Differenti le micce che hanno acceso le polveri (la repressione dei braccianti agricoli in sciopero ad Avola, la retrocessione a tavolino della squadra di calcio appena promossa in serie B a Caserta, la chiusura di uno zuccherificio a Battipaglia e le beghe interregionali per la nascita dell’ente Regione in Abruzzo e in Calabria), ma uguali le risposte della piazza di fronte alla sordità dei politici locali e nazionali nelle istituzioni: sassaiole, barricate, autobus incendiati, sedi di partito dati alle fiamme. Reazioni forse eccessive, di sicuro sintomo di un rapporto ormai logoro dopo oltre vent’anni di promesse non mantenute dalla Repubblica italiana incarnata dallo scudocrociato.
La reazione delle comunità locali
Ciò che sorprende, leggendo le pagine di “Rivolte”, è comunque la capacità di quelle comunità locali (in alcuni casi micro-comunità, come ad Avola e Battipaglia) di reagire subito e in prima persona alle ingiustizie, ad esempio lo “scippo” del capoluogo della Regione Calabria perpetrato nei confronti di Reggio dai politici nazionali di Catanzaro e Cosenza, nel corso di riunioni quasi carbonare che si erano tenute a Roma, tagliando completamente fuori dal dibattito la popolazione calabrese. Capacità di reazione che al giorno d’oggi sembra completamente esaurita, e non solo nel Mezzogiorno.
Di fronte a una condizione di generale recessione economica, di sottrazione di diritti sociali e di privazione di sovranità politica (per non parlare della “democratura” instaurata ormai da dieci mesi per l’emergenza sanitaria del Covid 19), la reazione popolare sembra ormai limitata allo sterile mugugno sui social. In piazza non ci va più nessuno, a parte inutili frange di teppisti a caccia di vetrine da infrangere e capi firmati da rubare. E a cinquant’anni da quelle rivolte, come scrive nella prefazione del libro Angelo Mellone, «il Sud sempre più immobile e lamentoso è sempre là. Il Sud fermo sulle medievali monorotaie adriatiche, sui lavori della Salerno-Reggio Calabria o della Basentana, sulle ore che servono per andare in treno da Napoli a Bari o da Catania a Palermo. (…) Il Sud sempre pronto ad ammirare se stesso per cibo, sole e supposta qualità della vita».

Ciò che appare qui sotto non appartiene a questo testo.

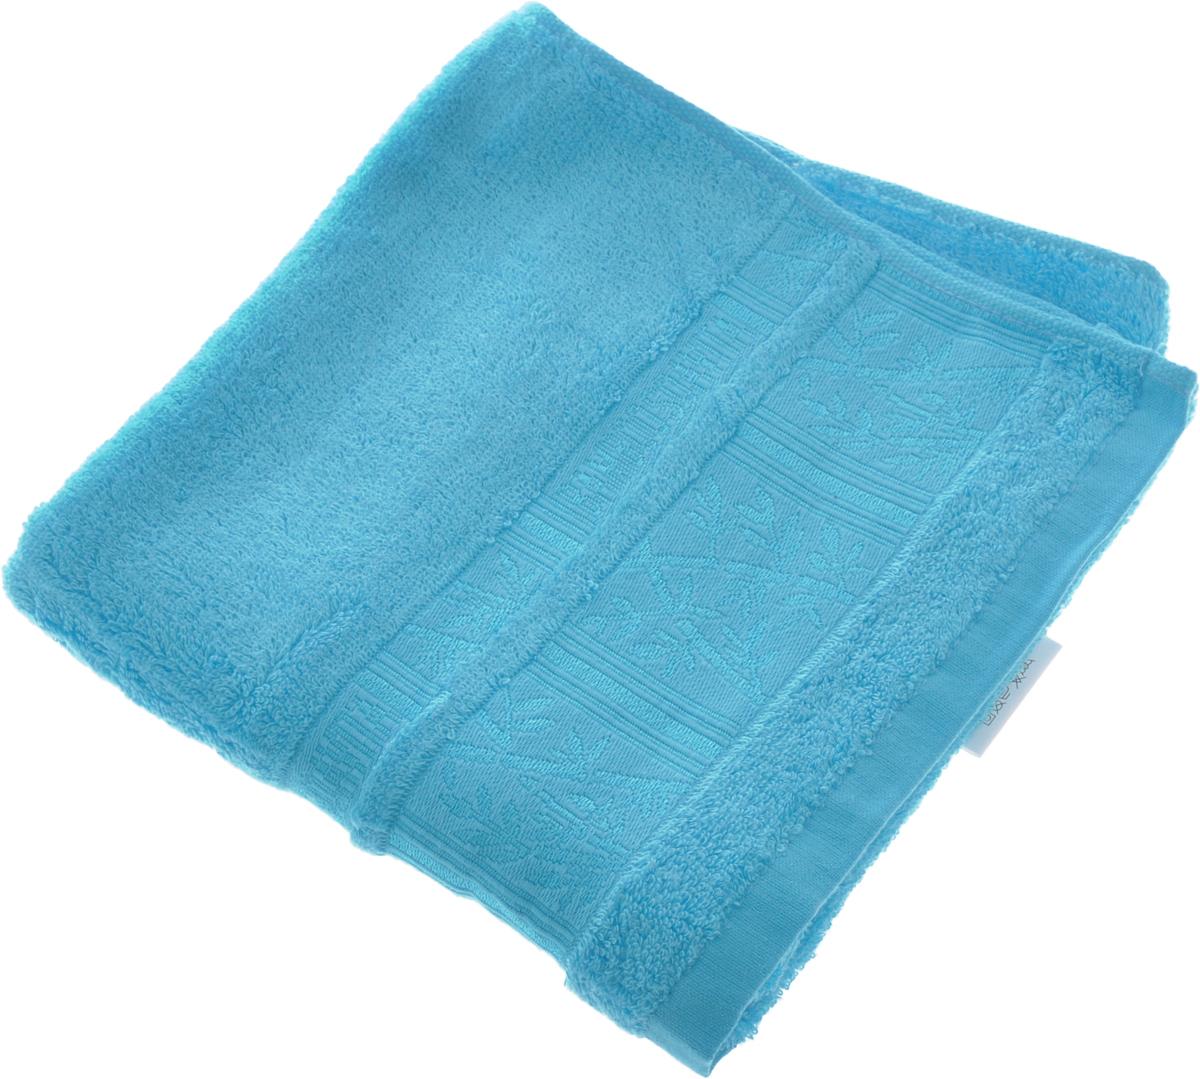 Полотенце Soavita Sofia, цвет: голубой, 50 х 90 см12723Полотенце Soavita Sofia выполнено из 100% бамбукового волокна. Изделие отлично впитывает влагу, быстро сохнет, сохраняет яркость цвета и не теряет форму даже после многократных стирок. Полотенце очень практично и неприхотливо в уходе. Оно создаст прекрасное настроение и украсит интерьер в ванной комнате.

Ma non sarà che quei fermenti nazional-popolari sono stati ‘a destra’ troppo enfatizzati? In realtà non erano legati ad una concezione deteriore della politica pubblica prebendaria, assistenzialista, clientelare ecc.? Ad una visione incentrata su uno statalismo anacronistico e precapitalistico, in fondo ad un meridionalismo asfittico, alla de Mita, fonte di molti mali (e non so di quali beni)?
Surfeando sui (o nei) social io per la verità – tranne in quelli più schierati e sempre a rischio oscuramento – io scorgo molto conformismo ‘cattocomunista e liberal, al solito (espresso da mugugni), ed assai poco non dico ribellismo, ma neppure reazione forte, al di là della sterile lamentosità che è rimasta al sud ed è dilagata pure al nord… In ogni caso per un post non ‘politically correct’, 100 ce ne sono aderenti al pensiero unico sardinesco, gretino, genderfluid, pontienonmuri, antifa ecc. Vorrei sbagliarmi.